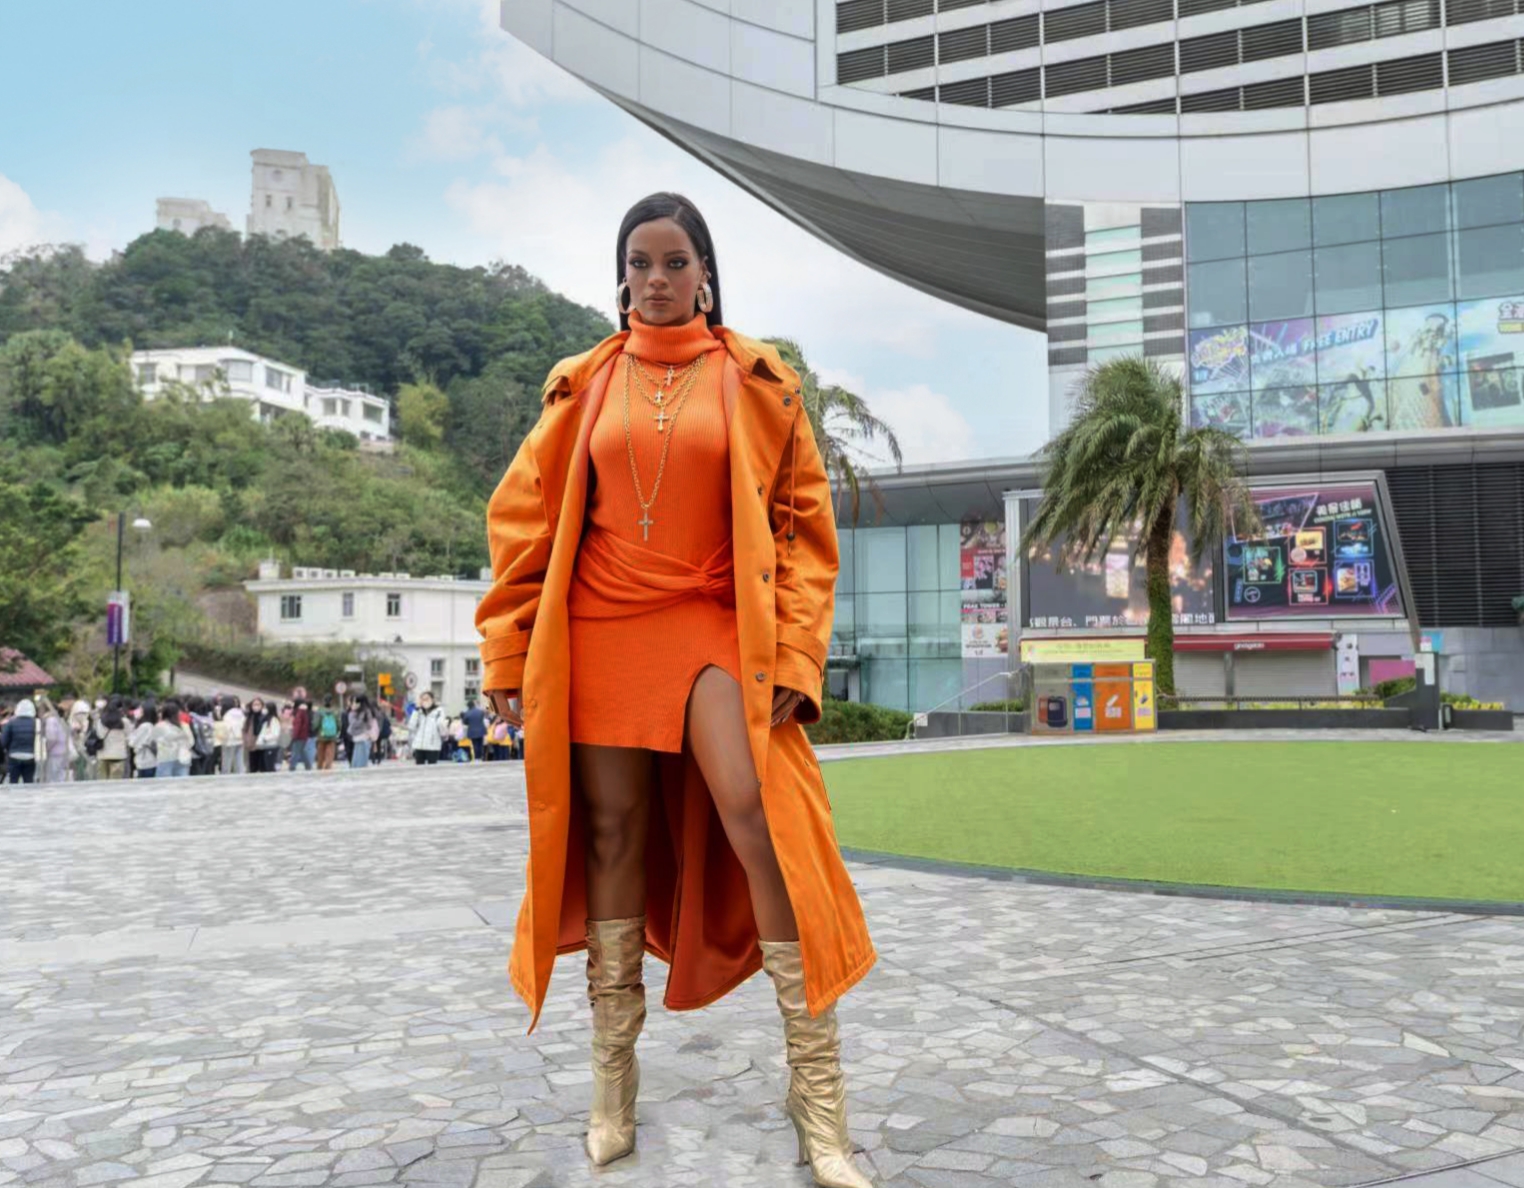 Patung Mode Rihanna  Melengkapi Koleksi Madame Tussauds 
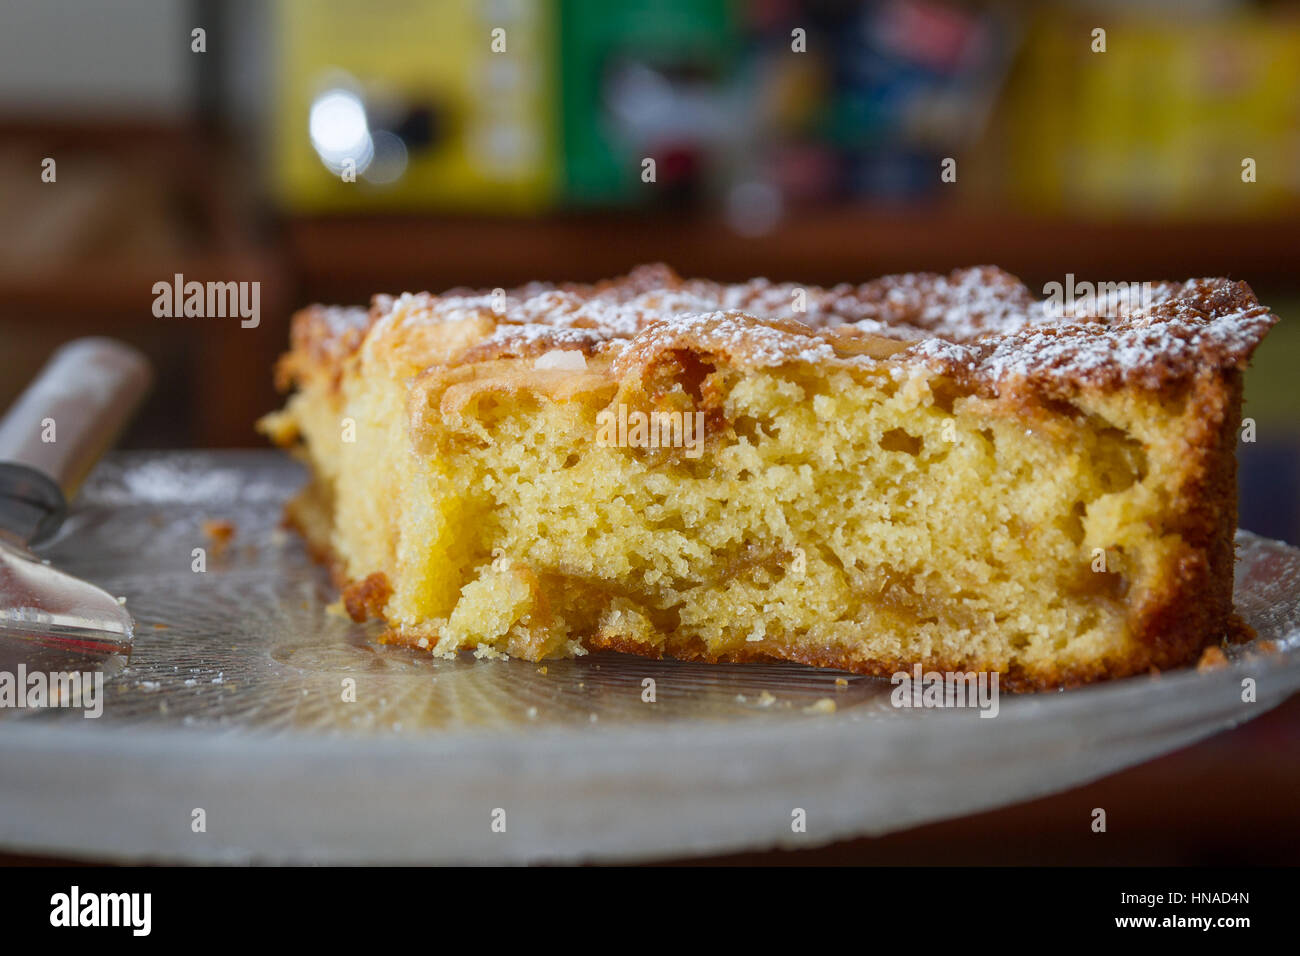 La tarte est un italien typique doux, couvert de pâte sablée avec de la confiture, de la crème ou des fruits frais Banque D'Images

● ● ● ● ●

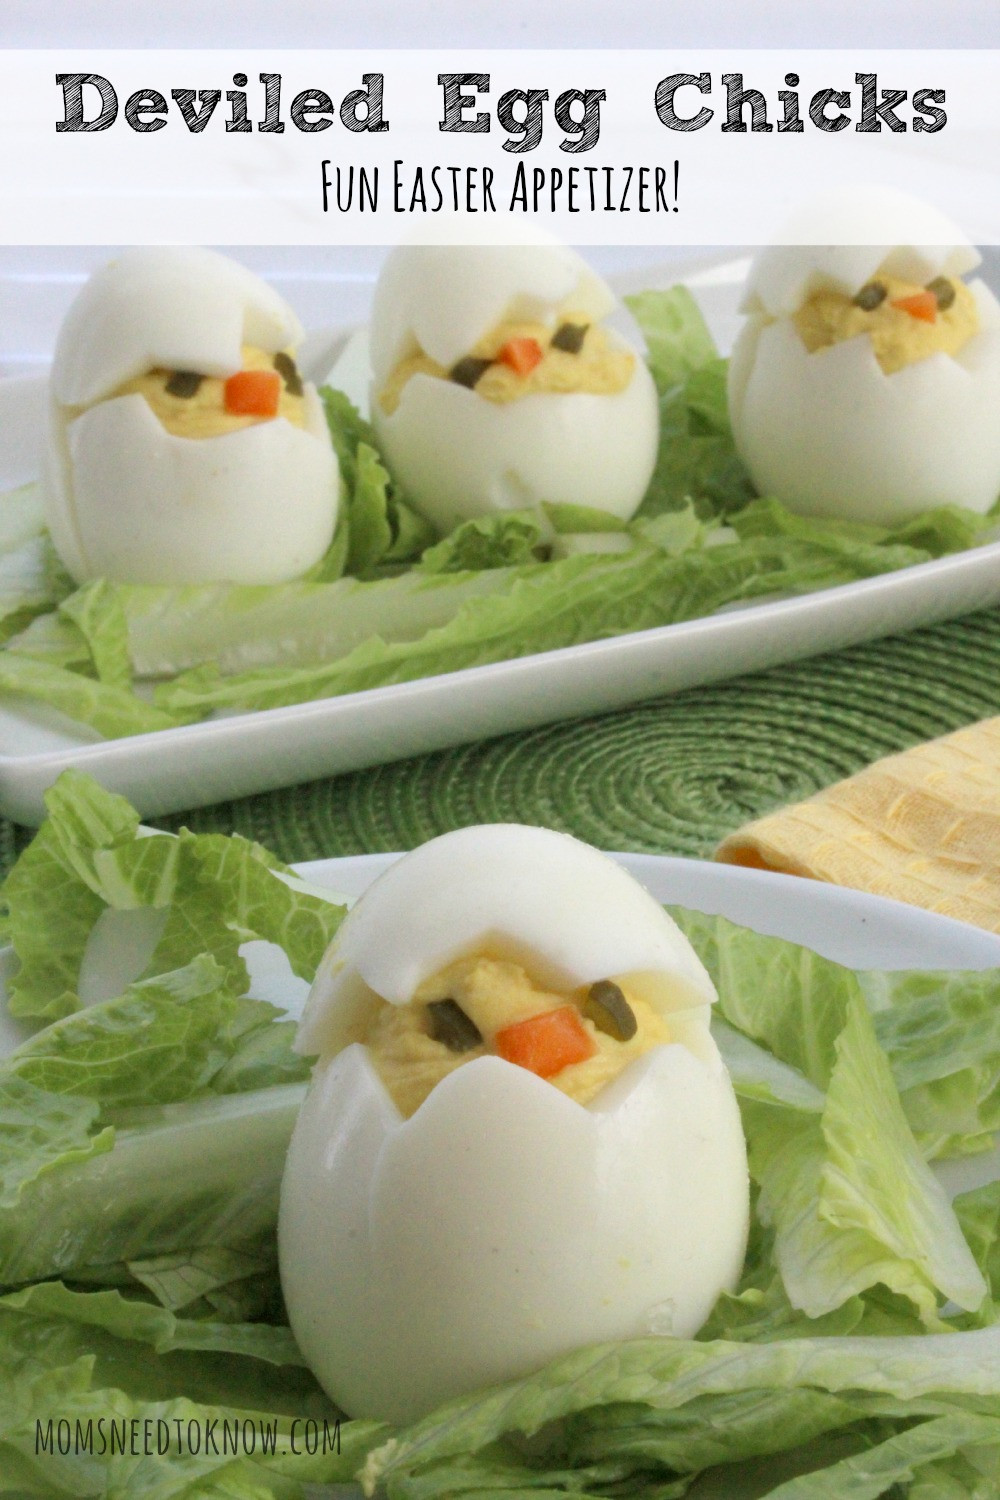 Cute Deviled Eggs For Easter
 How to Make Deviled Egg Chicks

● ● ● ● ●

Restate word for word every line from the one with "Patung Mode Rihanna" up to and including the one with "La tarte est" in the records above, minus the pictures.

RESPONSE AREA |
 Patung Mode Rihanna  Melengkapi Koleksi Madame Tussauds 
 La tarte est un italien typique doux, couvert de pâte sablée avec de la confiture, de la crème ou des fruits frais Banque D'Images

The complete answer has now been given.